Omit all pictures, then retype the data exactly as given.

## Given information
--- START ---

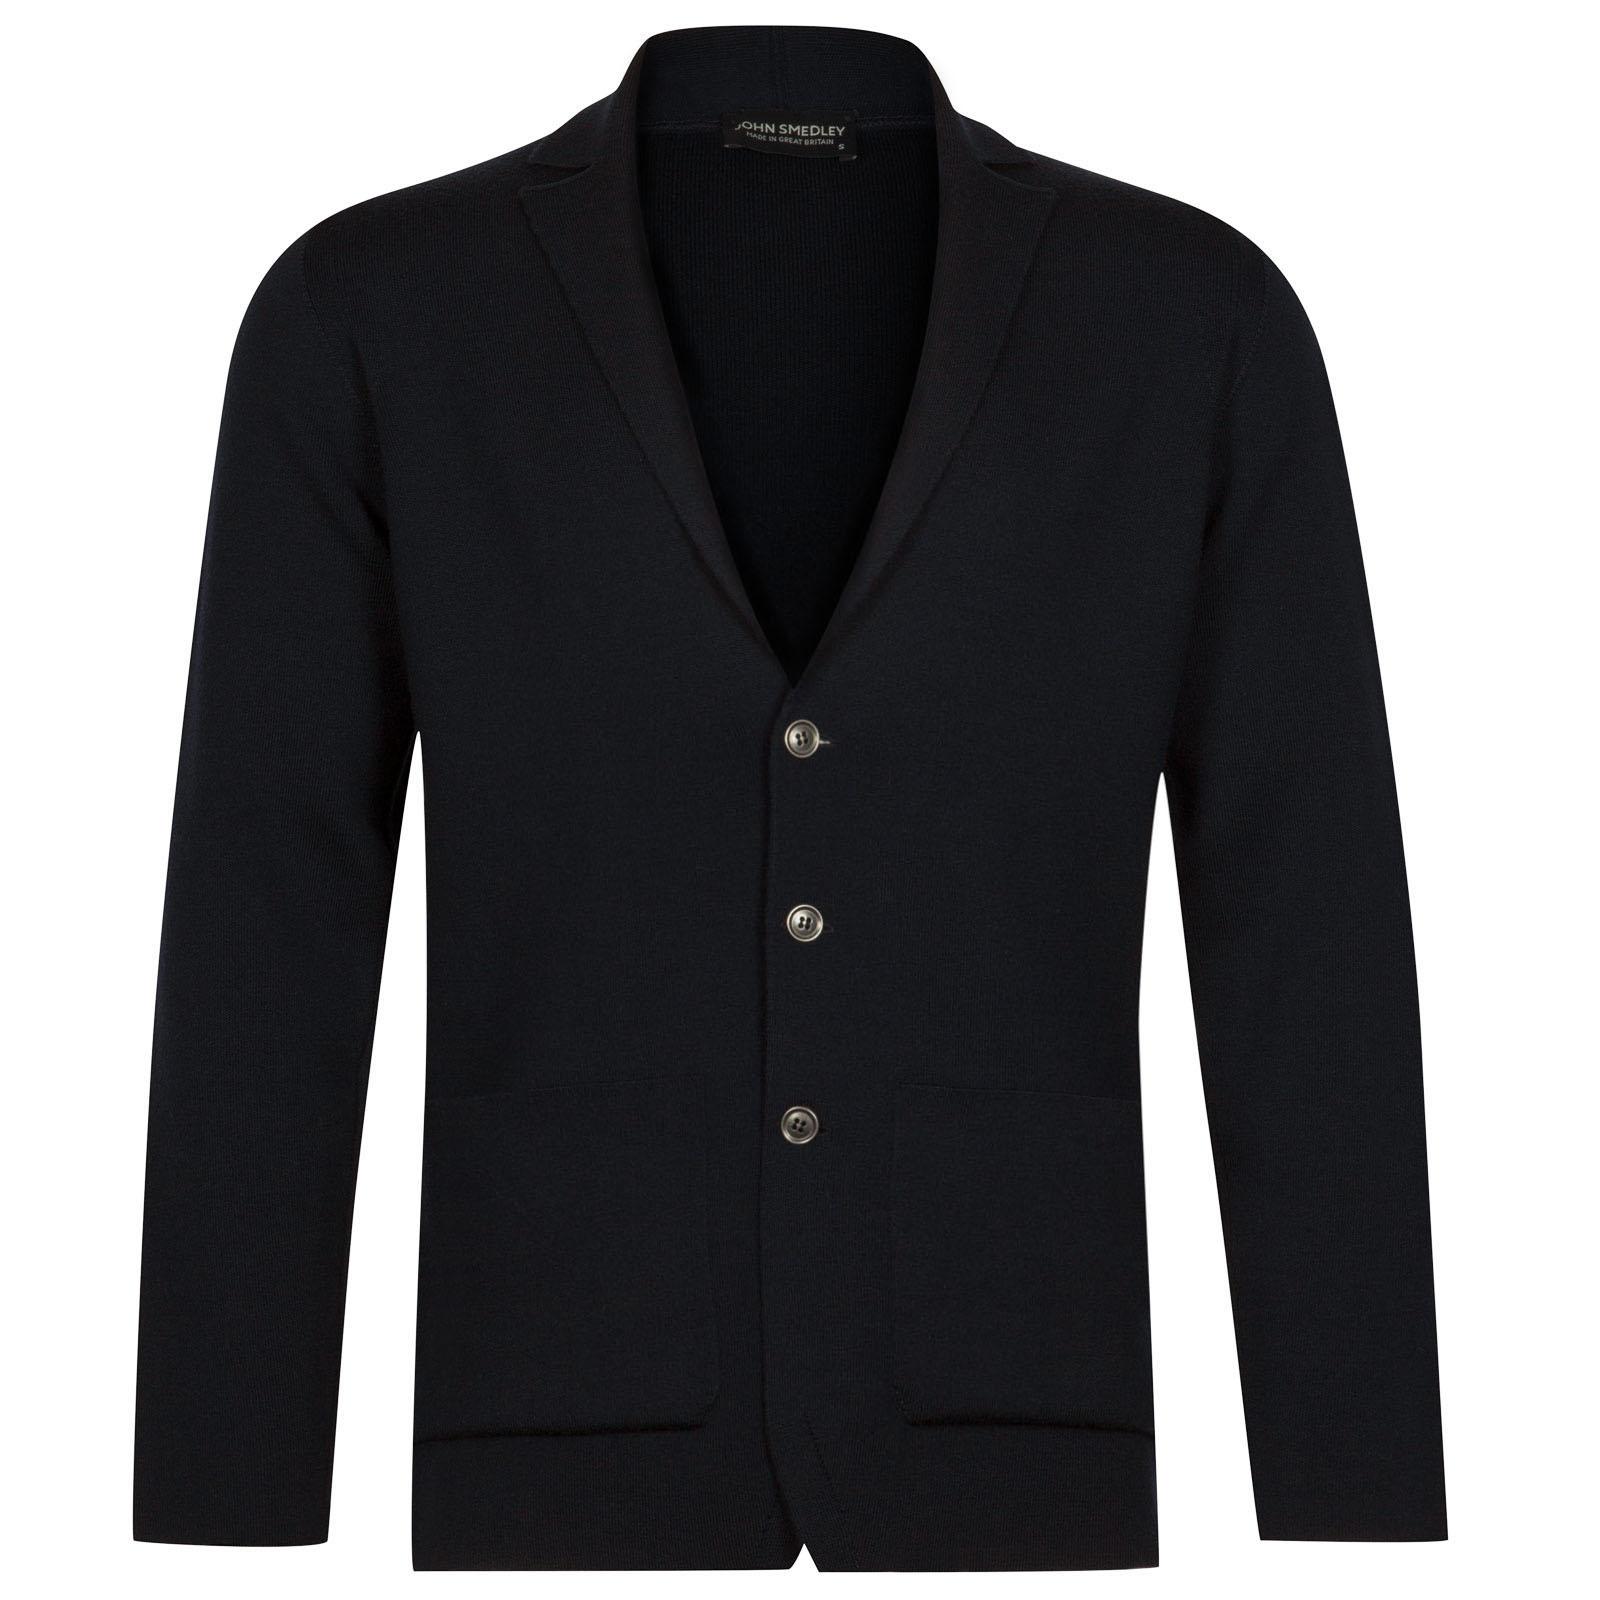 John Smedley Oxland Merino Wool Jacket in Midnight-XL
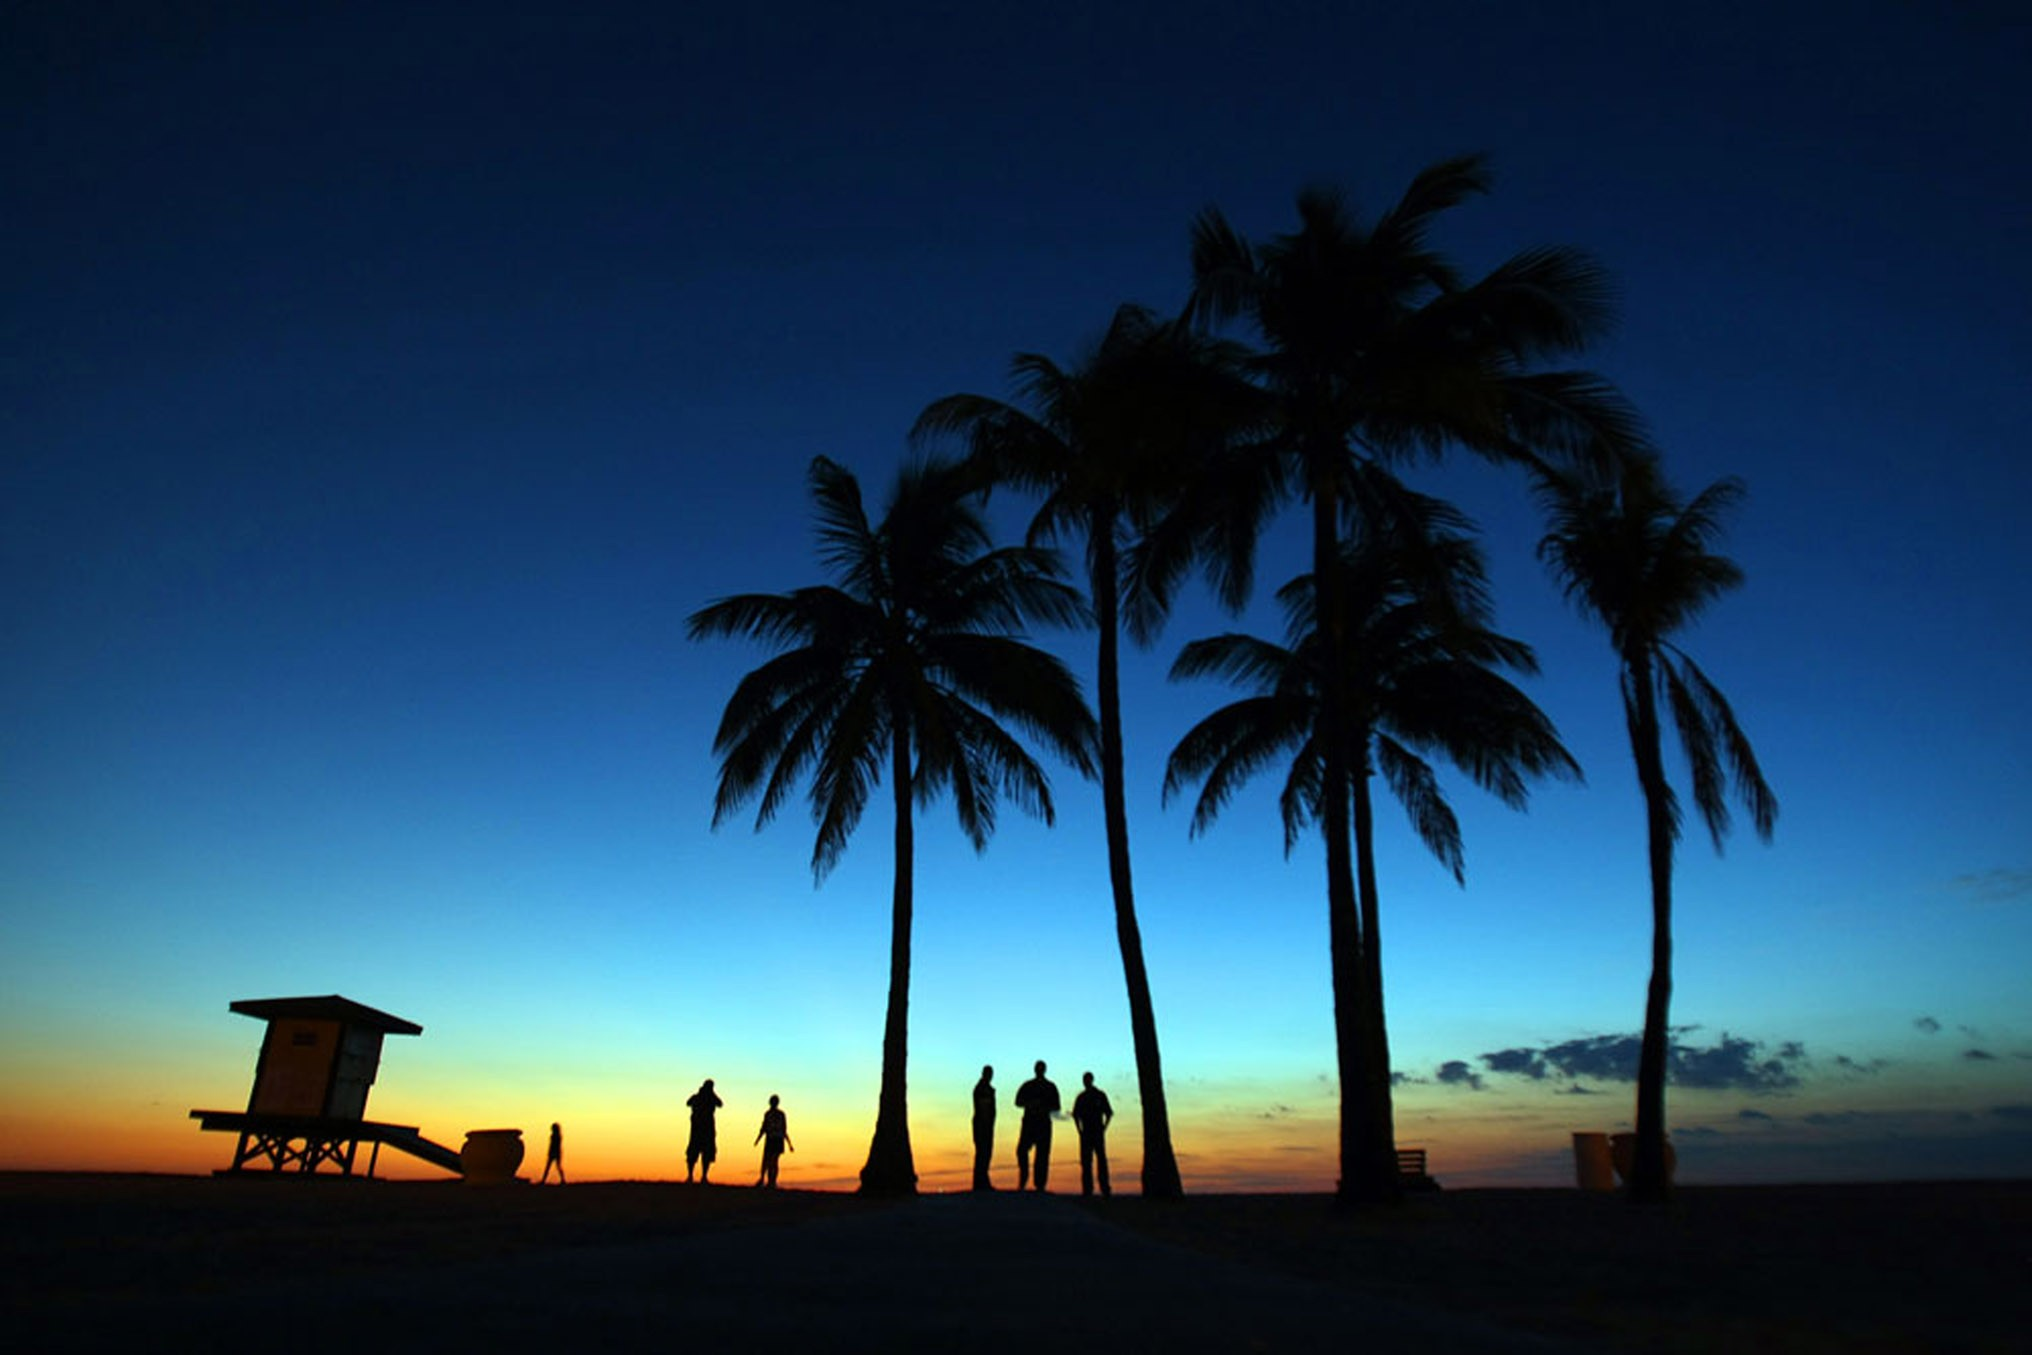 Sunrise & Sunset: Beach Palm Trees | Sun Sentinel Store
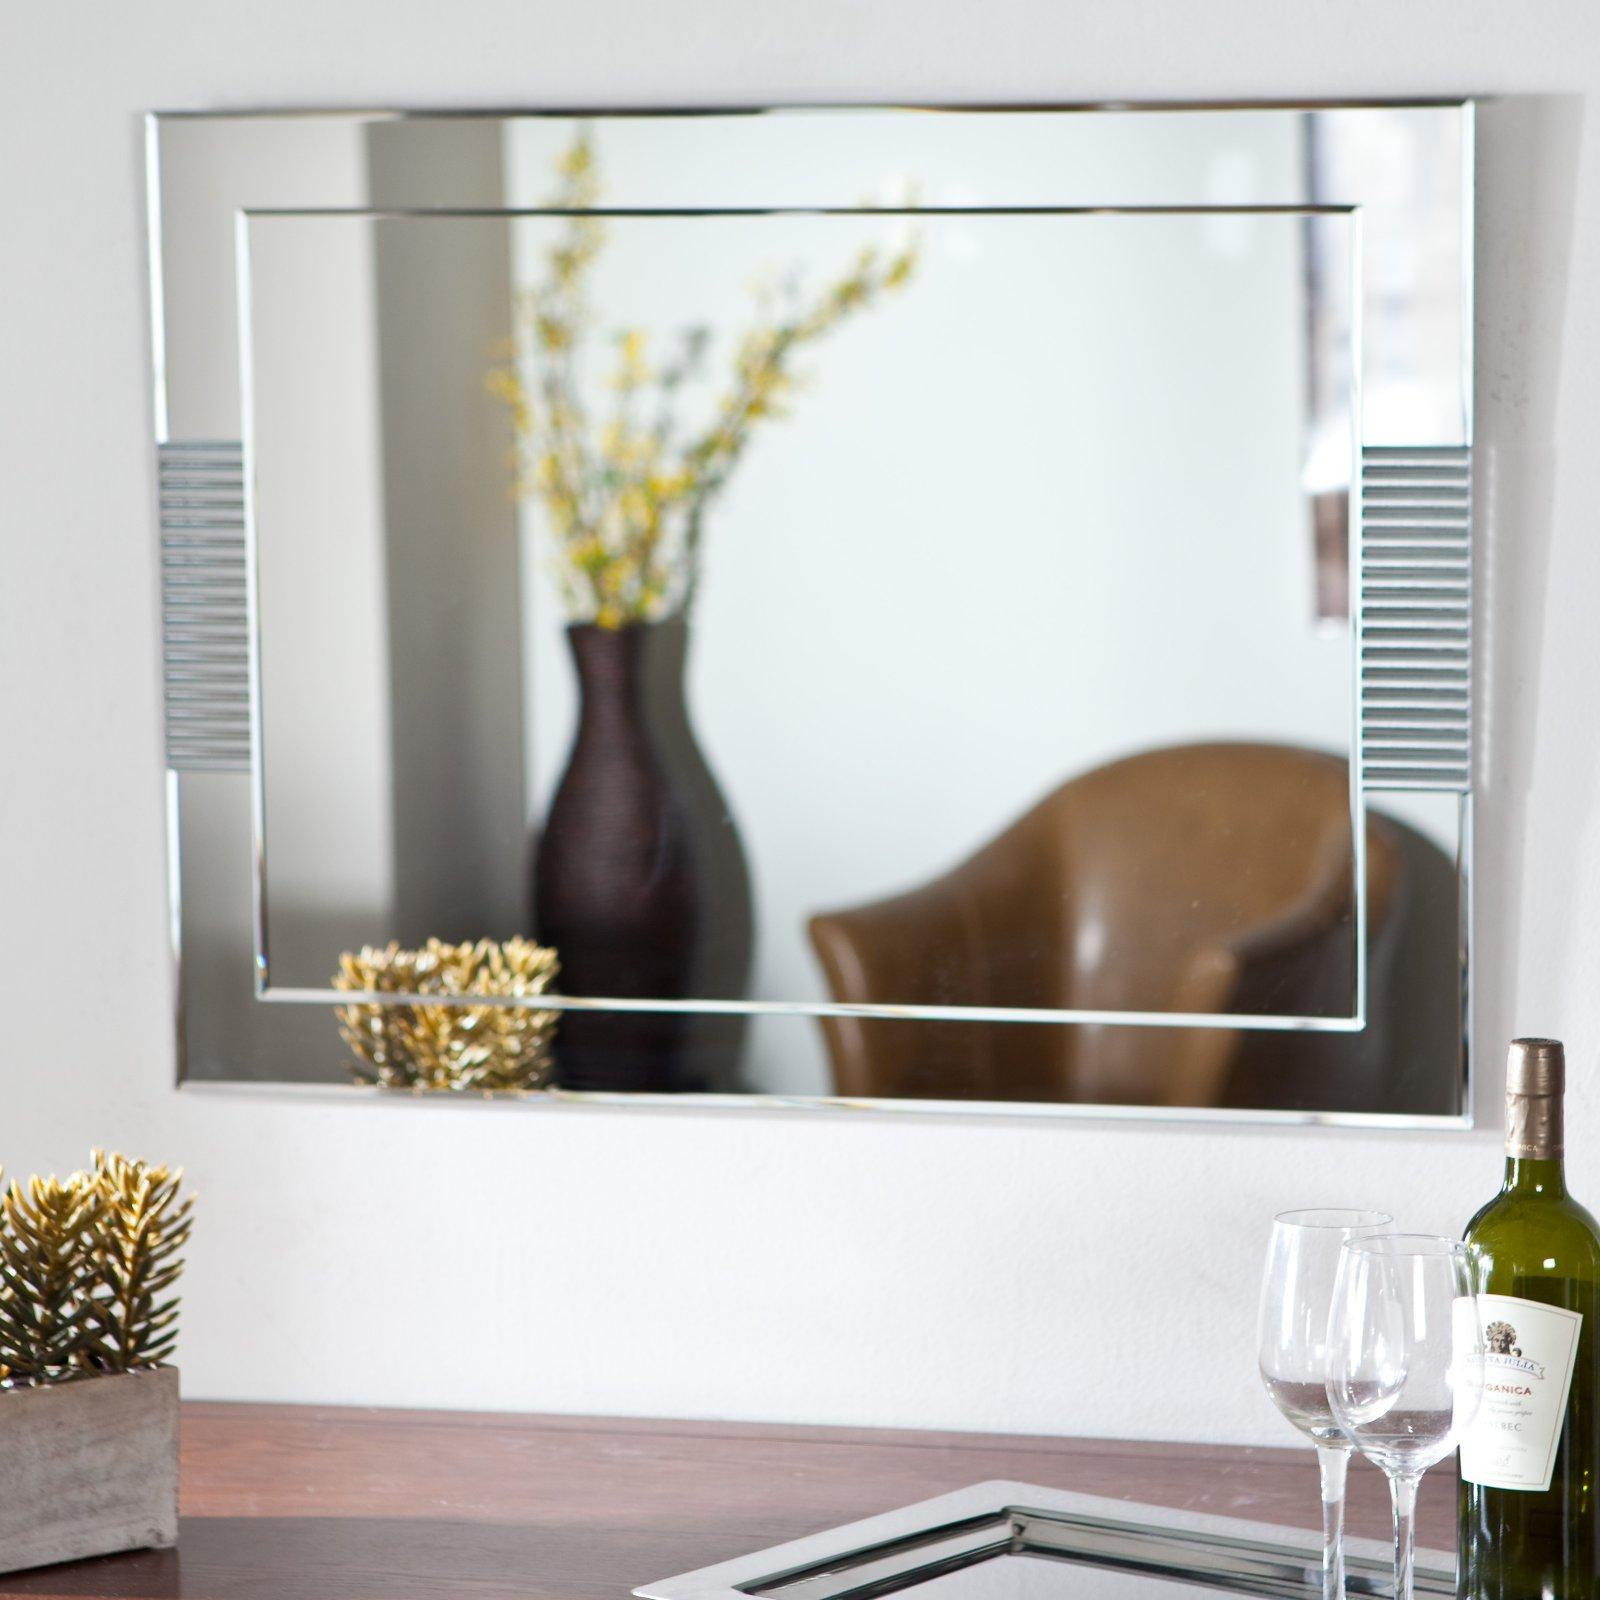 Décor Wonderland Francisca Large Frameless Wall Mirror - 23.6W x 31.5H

--- END ---

## Written reply
 John Smedley Oxland Merino Wool Jacket in Midnight-XL
 Sunrise & Sunset: Beach Palm Trees | Sun Sentinel Store
 Décor Wonderland Francisca Large Frameless Wall Mirror - 23.6W x 31.5H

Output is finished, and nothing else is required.